- [Task to complete]:
When you transcribe the lines below, keep every word the same and leave the pictures behind.

- [Data below]:

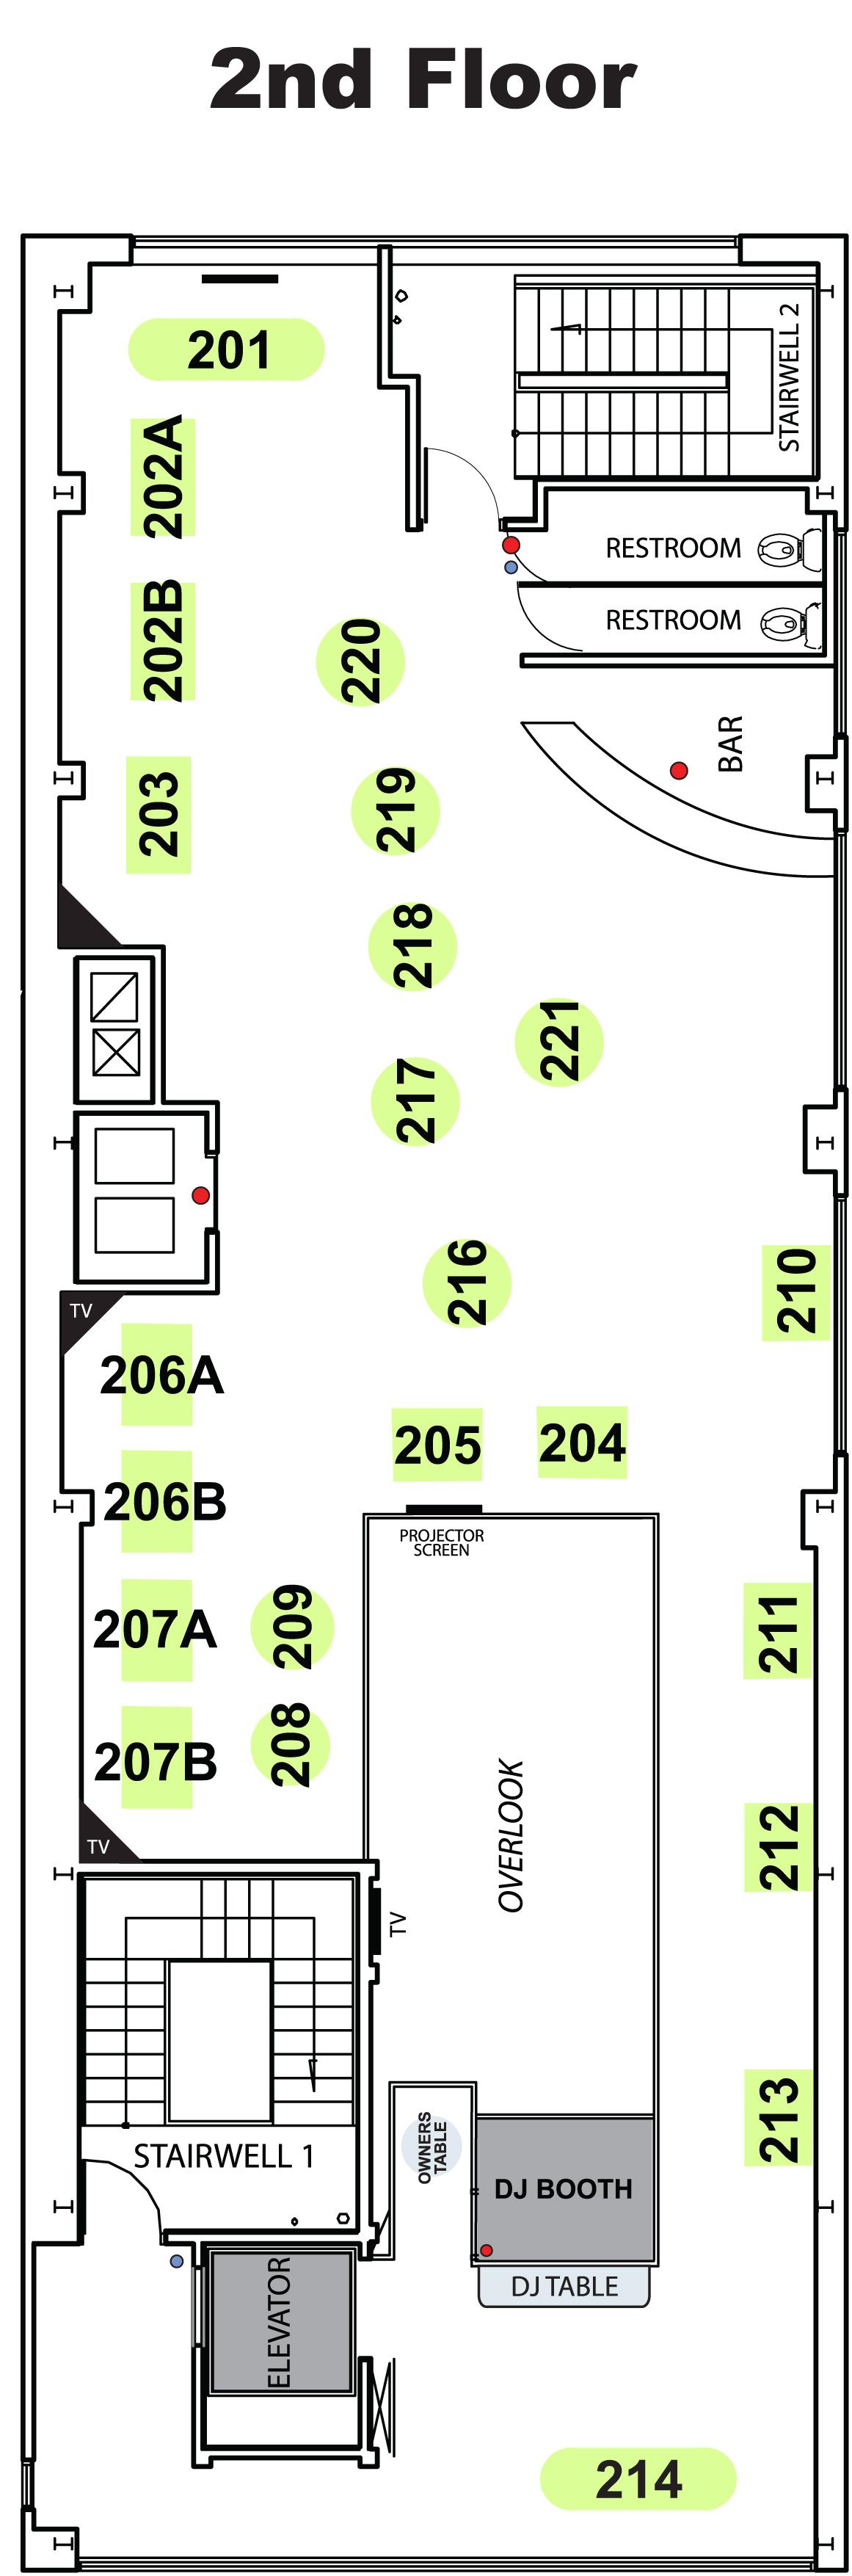 Dinner Floor Plan June 2018 v2-2.jpg
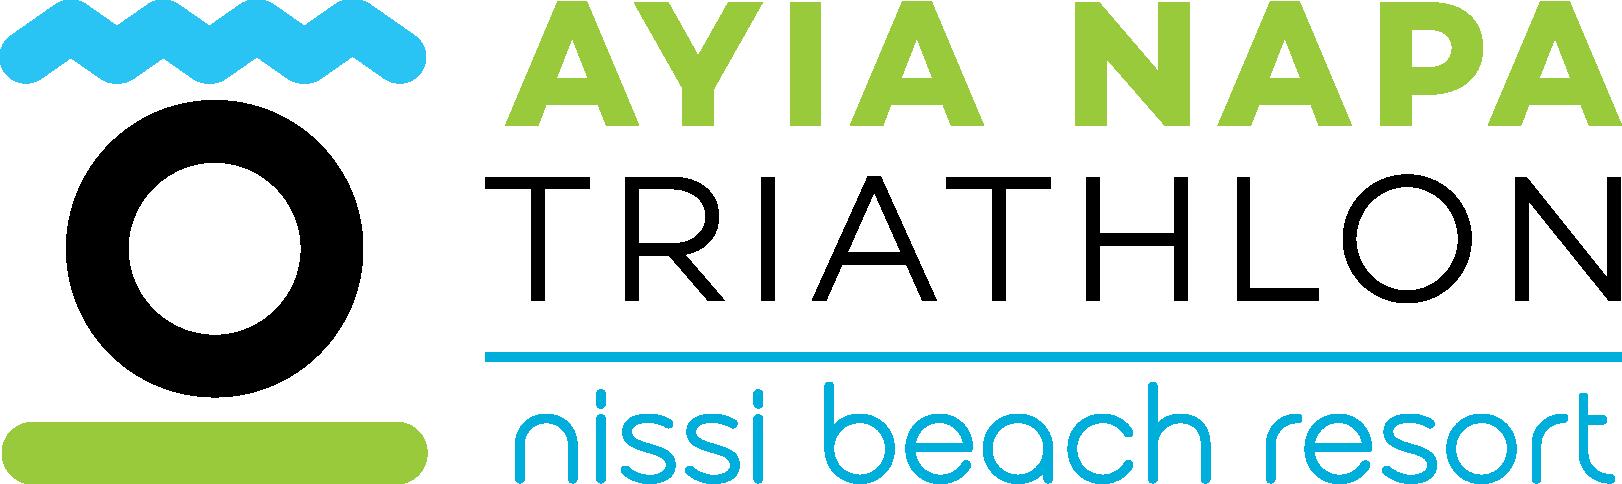 AyN-Triathlon-Nissi-logopng
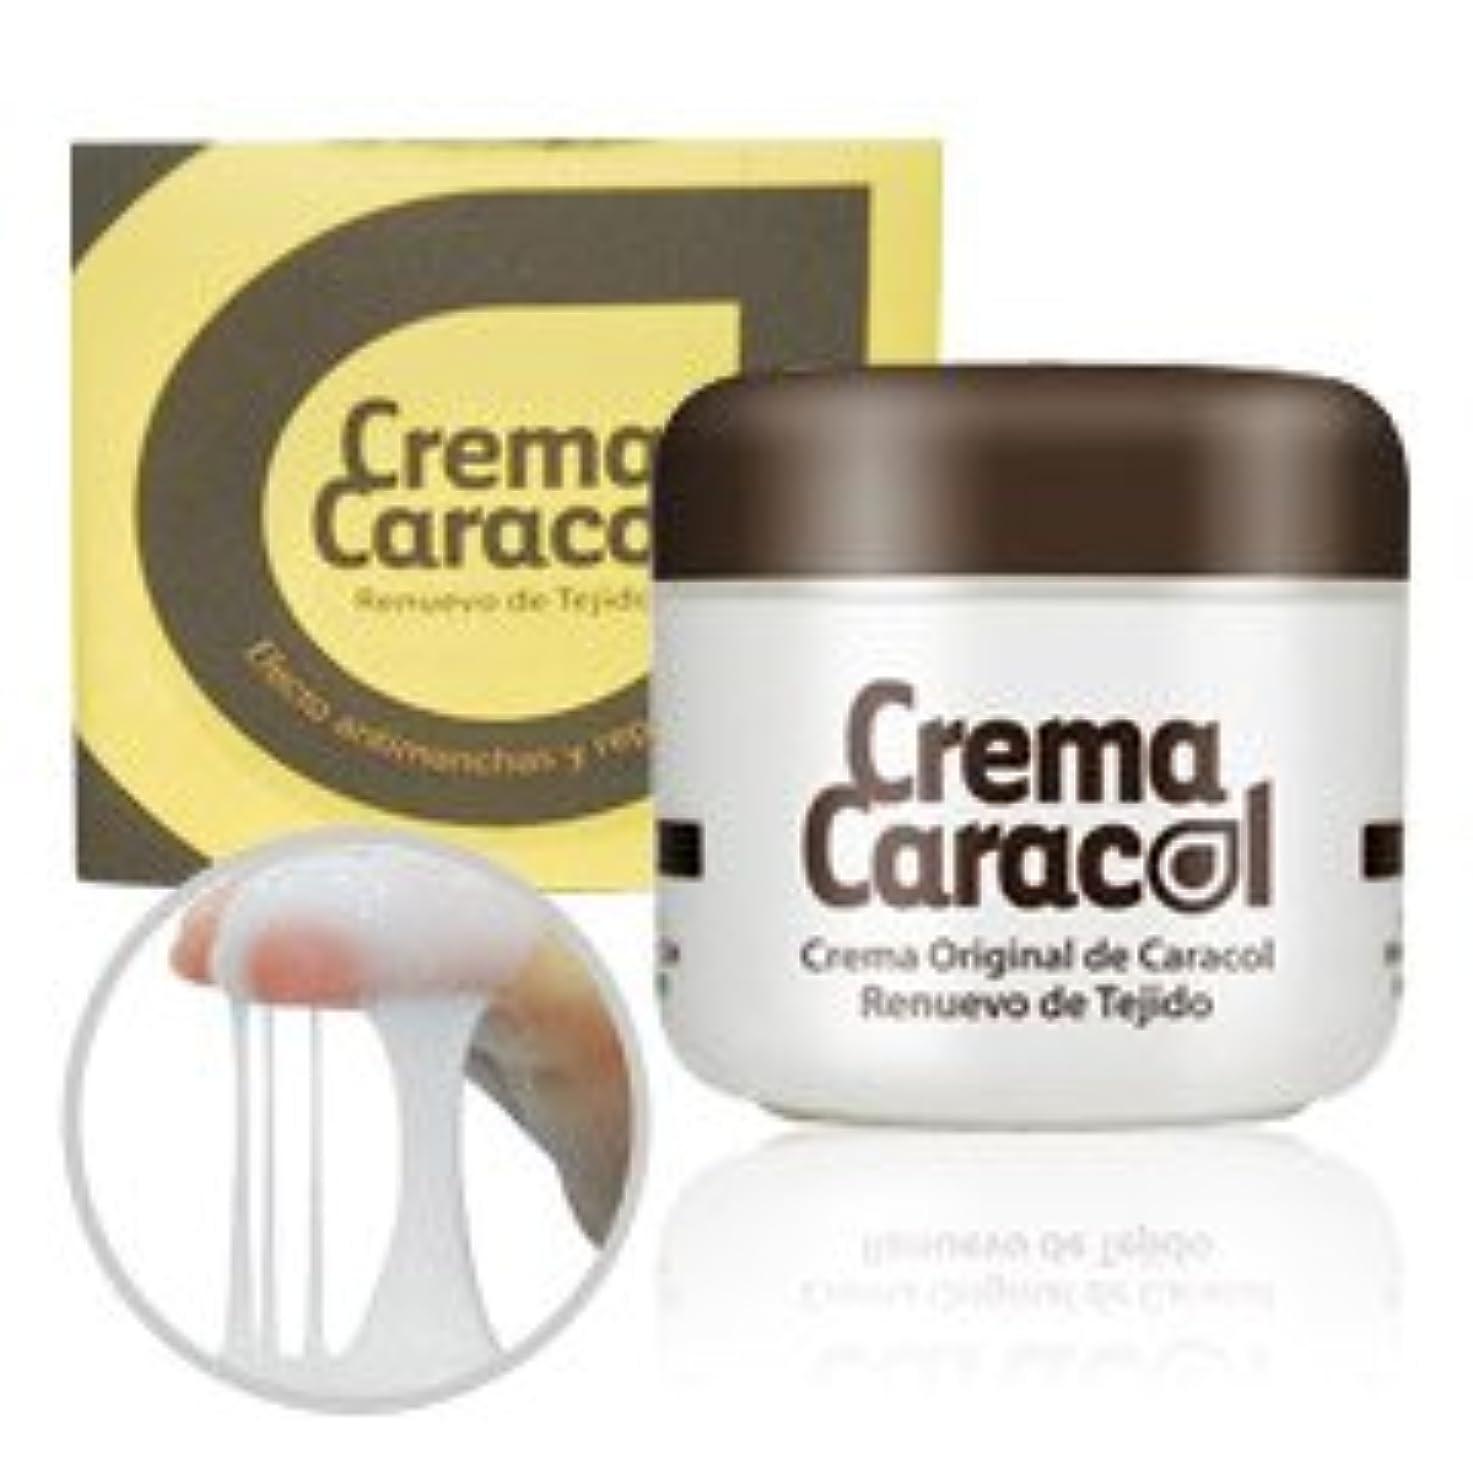 放つ仮装かるcrema caracol(カラコール) かたつむりクリーム 3個セット

- [Task result]:
 Dinner Floor Plan June 2018 v2-2.jpg
 AyN-Triathlon-Nissi-logopng
 放つ仮装かるcrema caracol(カラコール) かたつむりクリーム 3個セット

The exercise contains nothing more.